Без печатной трибуны нет писателя. Это важно бы понять в наше время, когда писательским процессом, особенно печатью-изданием все больше руководят не сами писатели, а вообще «руководители» («служащие» – таков их статистически-социальный статус!), пусть и объединенные в учреждения, в коллективы…
В этом – назовем это так – один из уроков Зощенко, ныне все менее и менее читаемого… Начав чуть ли ни с «шалости», с «приработка» – он именно в печатности обрел и писательское становление, и чувство писательской, профессиональной ответственности художника. Он оправдывается, не всегда-де он был столь популярен. Его-де когда-то «не принимали» (впрочем, в писательской среде это почти осталось до конца дней писателя, так и слывшего – «фельетонистом»!).
Писательское становление, художническая зрелость, профессиональное чувство – живут в устремлении творчества.
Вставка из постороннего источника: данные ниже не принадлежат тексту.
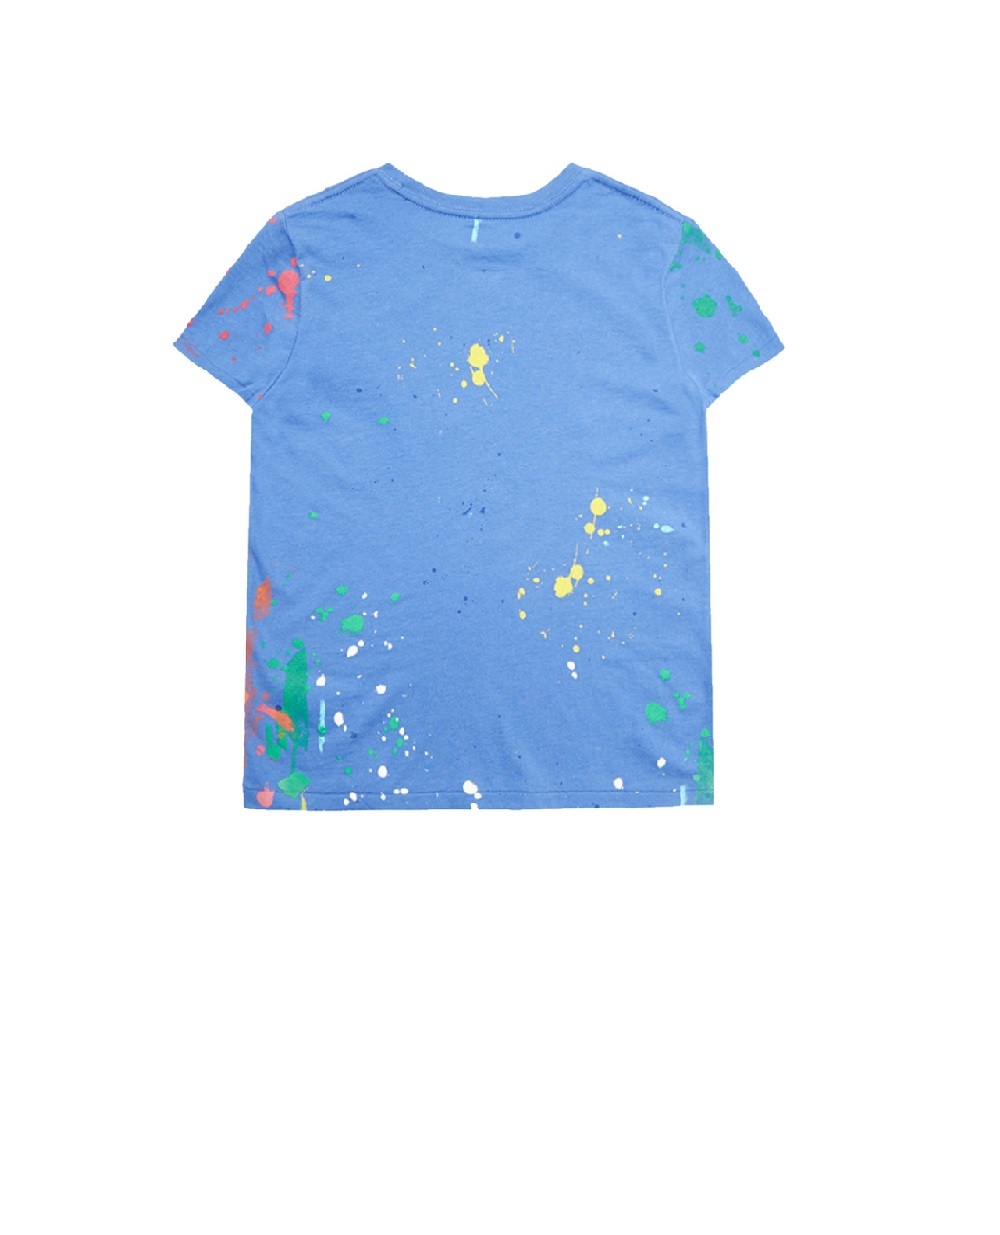 Детская футболка Polo Bear Polo Ralph Lauren Kids 312868484002, синий цвет • Купить в интернет-магазине Kameron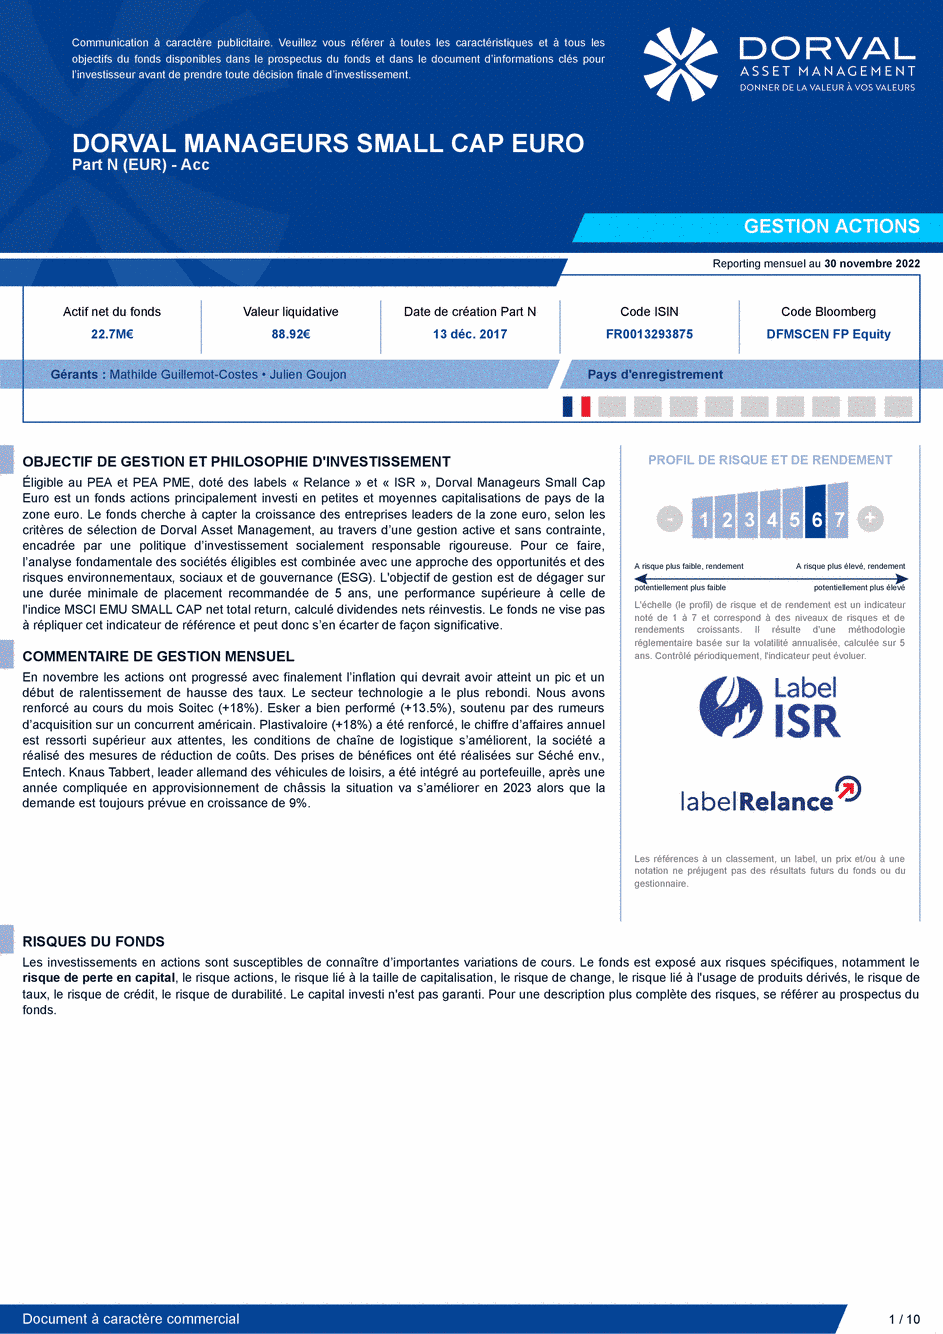 Reporting DORVAL MANAGEURS SMALL CAP EURO N - 30/11/2022 - Français

Нет здесь ни званий, ни разрядов, ни категорий (достаточно было б все это ввести в обиход, чтоб сразу же лишить литературу ее духовного назначения и обречь на формальное существование, на соревнование в карьеризме и материальном преуспевании!). Но и ныне часть писателей, эксплуатируя печальный опыт пятидесятых, шумных успехов «золотых кавалеров» в нашей литературе, главным образом авторы детективов и фантастики, безошибочно строят свой успех в расчете на «неинтересующихся литературой». Вернее тех, кто после пятидесятых утратили доверие к ней. Авторы эти самые «тиражные», самые «читаемые». Поставляя на книжный рынок нехудожественное чтиво, они создают иллюзии естественности литературного процесса – как разбуженному «резерву», так и издателям. Первым – что то есть «настоящие читатели», читающие «настоящих писателей», вторым, что «растет массовый читатель»!.. Лишь самим себе им не приходится создавать иллюзии. Их популярность, тиражи, гонорары – вне всяких сомнений.
«Я пишу о мещанстве и полагаю, что этого материала хватит еще на мою жизнь», – писал Зощенко, который, конечно, писал, имея в ввиду «массового читателя»… Ныне ряд «детективщиков», литераторов на календарную и газетную тему, говоря о «массовом читателе», про себя могут с полным правом повторить слова Зощенко о том, что и на их жизнь – мещанина хватит! Более того, они его – в меру мощных тиражных сил своих – сами его создают! «Рыбак рыбака…» – и т.д.
Уж не говоря о том, что и тот и другой с времен Зощенко весьма излукавились… Причем до той степени – когда уже все кажется всем вполне естественным…
У Даля можем прочитать о винтовке – следующее: «Винтовка ж. ружье с нарезным стволом, с винтовою гранью; внутри нарезка эта идет столь пологим винтом, что во всю длину ствола обычно составляет менее одного оборота».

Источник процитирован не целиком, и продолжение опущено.